MASM Assembly move 8 bit register to the 16 bit register (ie. mov cx, ch) [duplicate]

Question

I decided to learn an assembly programming language. I am using this 8086 tutorial. At the bottom the exercise is to find an error in some instructions and one of them is

mov cx, ch 

I found some similar question on SO on this topic explaining how to achieve it but now I'd like to know why this operation is forbidden?

Let's assume I have 10d = 00001010b in CH and want to put it to CL and simultaneously erase CH. mov cx, ch seems to do it because it shows 10d as 16bit 00000000 00001010 and puts it respectively to CH and CL (entire CX)

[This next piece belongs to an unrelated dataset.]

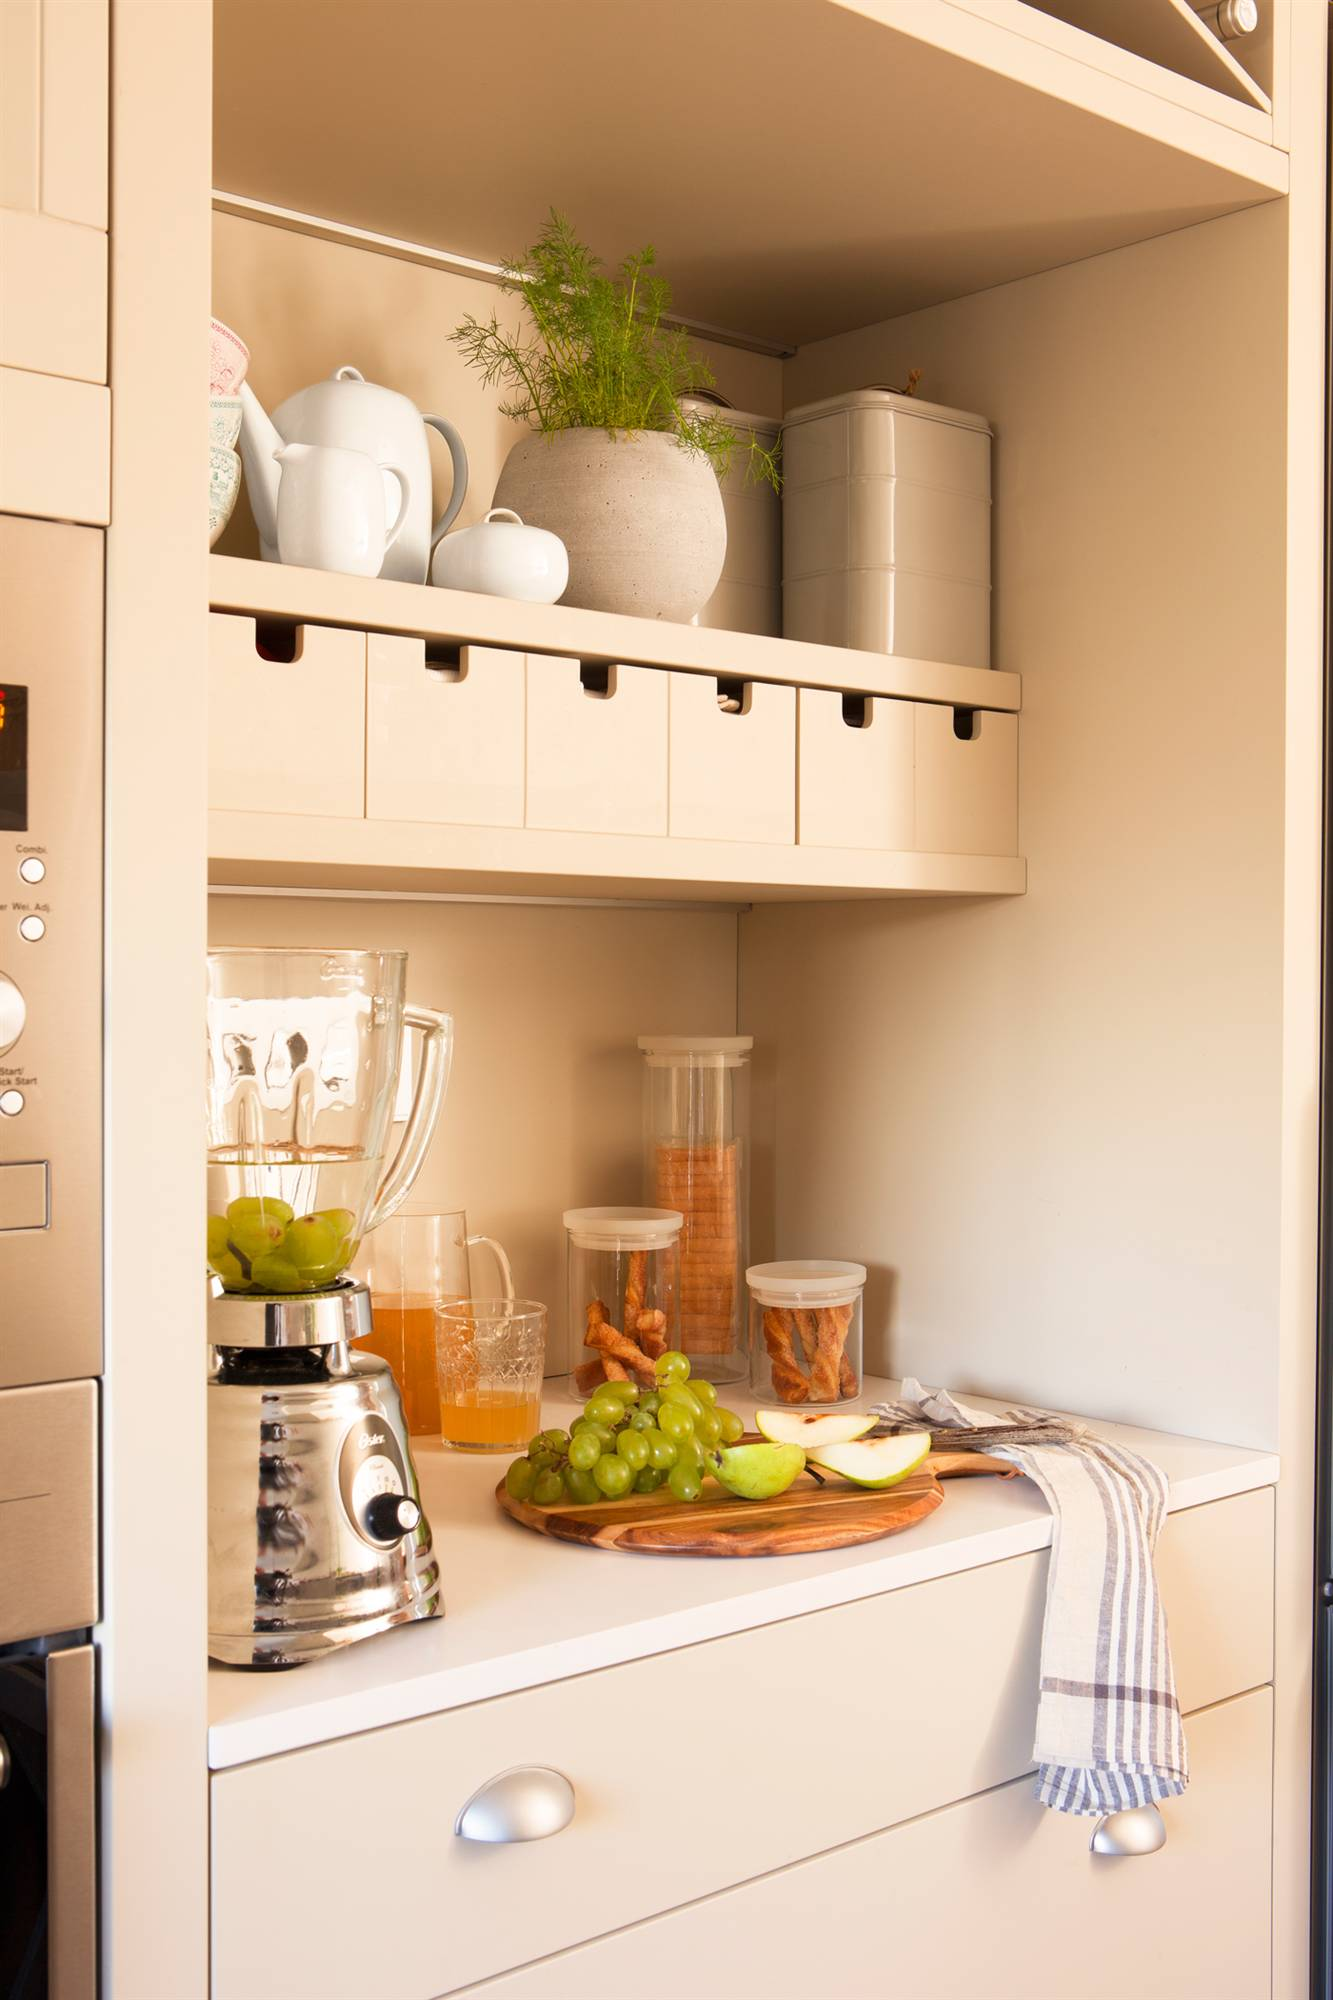 Una cocina peque a con mucho orden y un office for Muebles de cocina zona pilar
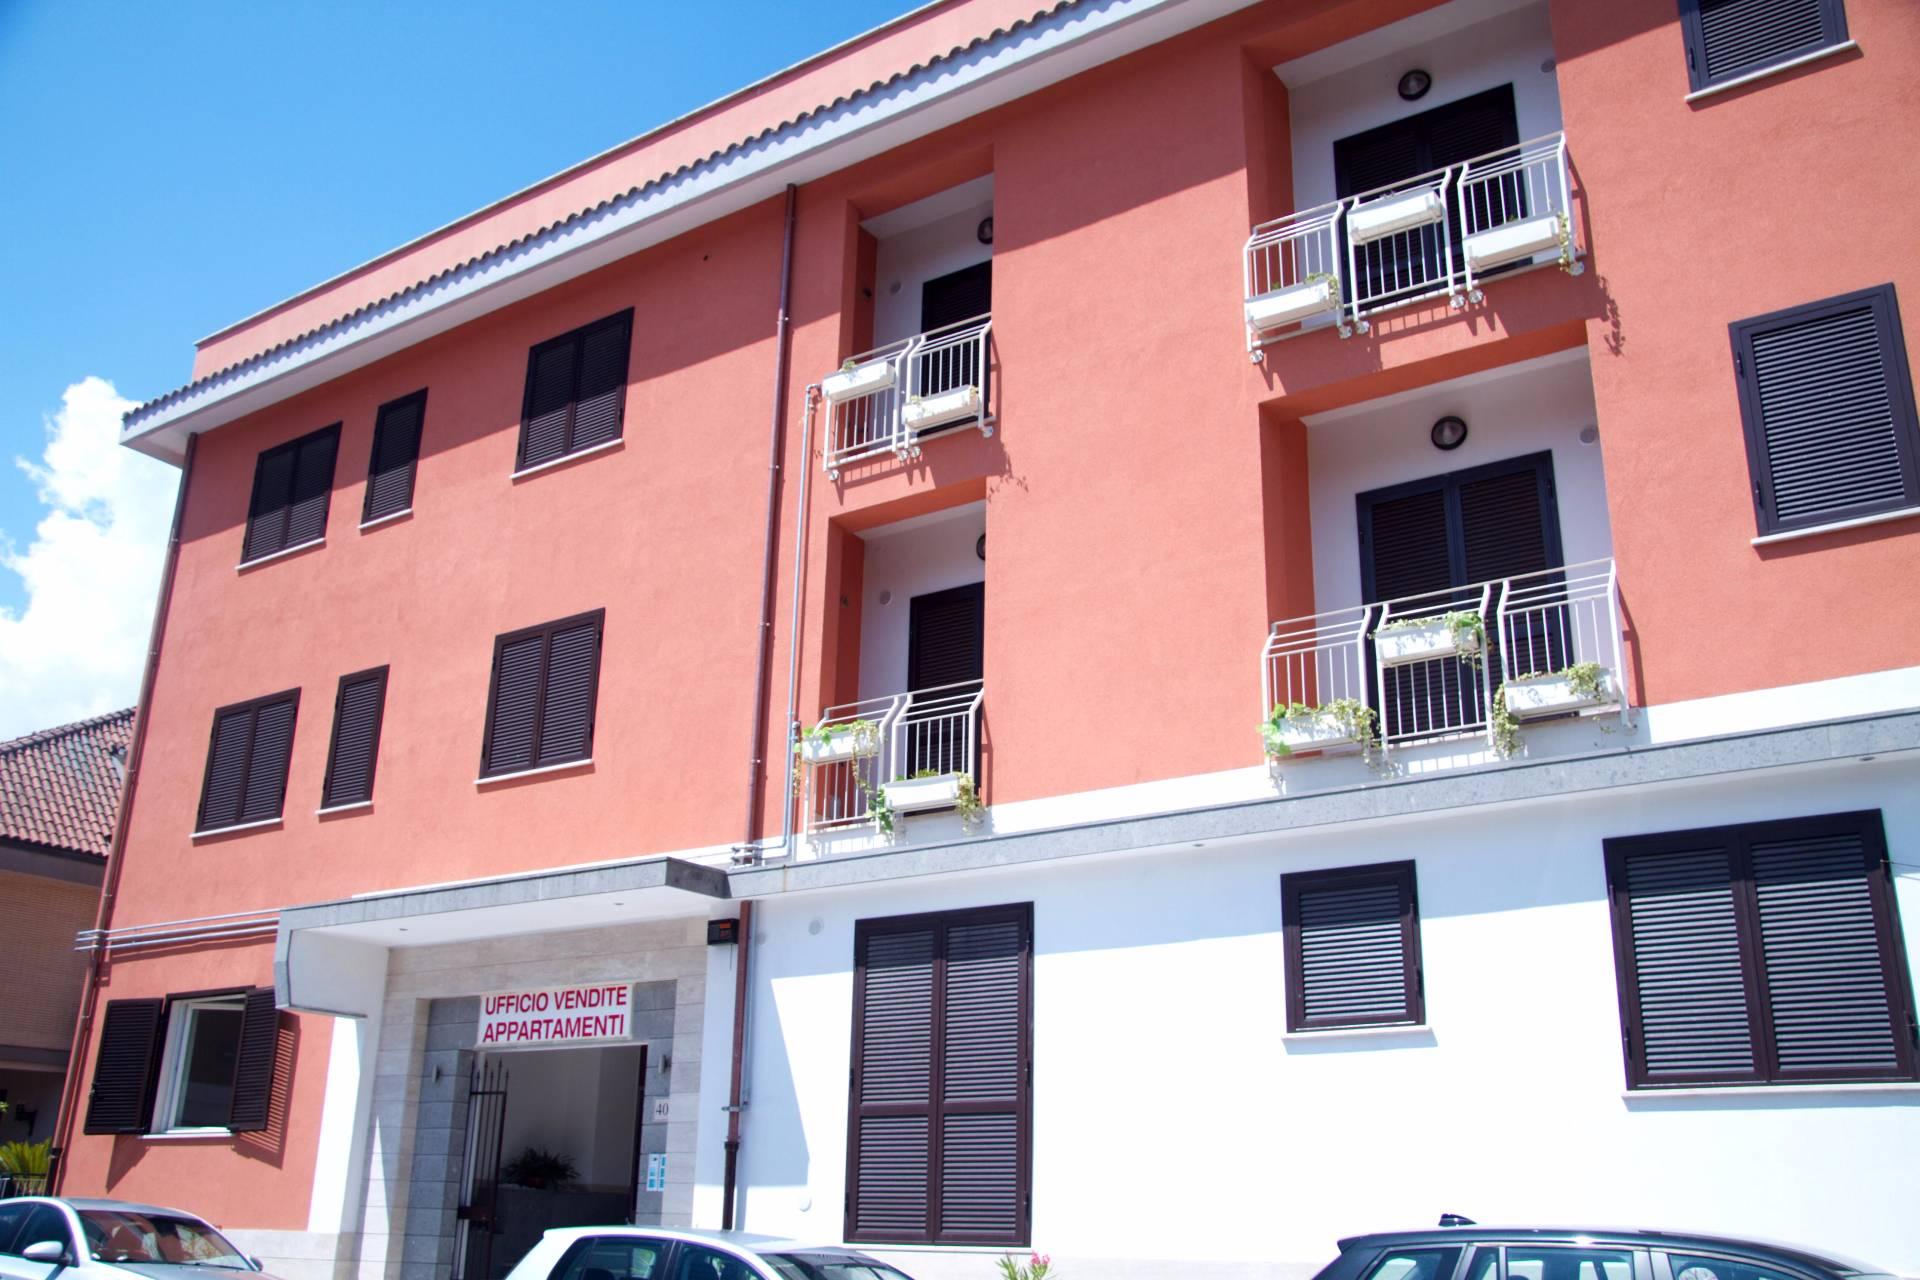 Attico / Mansarda in vendita a Colleferro, 3 locali, prezzo € 94.000 | Cambio Casa.it

What is wrong with it and why does given tutorial ask to find an error in this expression?

Answer 1

The mov instruction is used to move between operands of the same size. What you want to is extend the 8-bit ch into the 16-bit cx. There are two instructions available for that purpose:

movzx cx,ch  ; zero-extends ch into cx. the upper byte of cx will be filled with zeroes
movsx cx,ch  ; sign-extends ch into cx. the upper byte of cx will be filled with the most significant bit of ch

Another way of accomplishing the same thing in this particular case would be:

shr cx,8  ; zero-extend
sar cx,8  ; sign-extend

Answer 2

The problem is, that you're trying to move the contents of an 8 bit register ch into a 16 bit register cx. You can't do that because the registers are different sizes.

So I'd guess that you get an error message like "invalid combination of opcode and operands".

p.s: exchanged 8 and 16 above; the statement stays the same. Check for instance this overview. As you see, there is no combination of different register sizes defined. It means there doesn't exist any OPcode that represents mov cx, ch.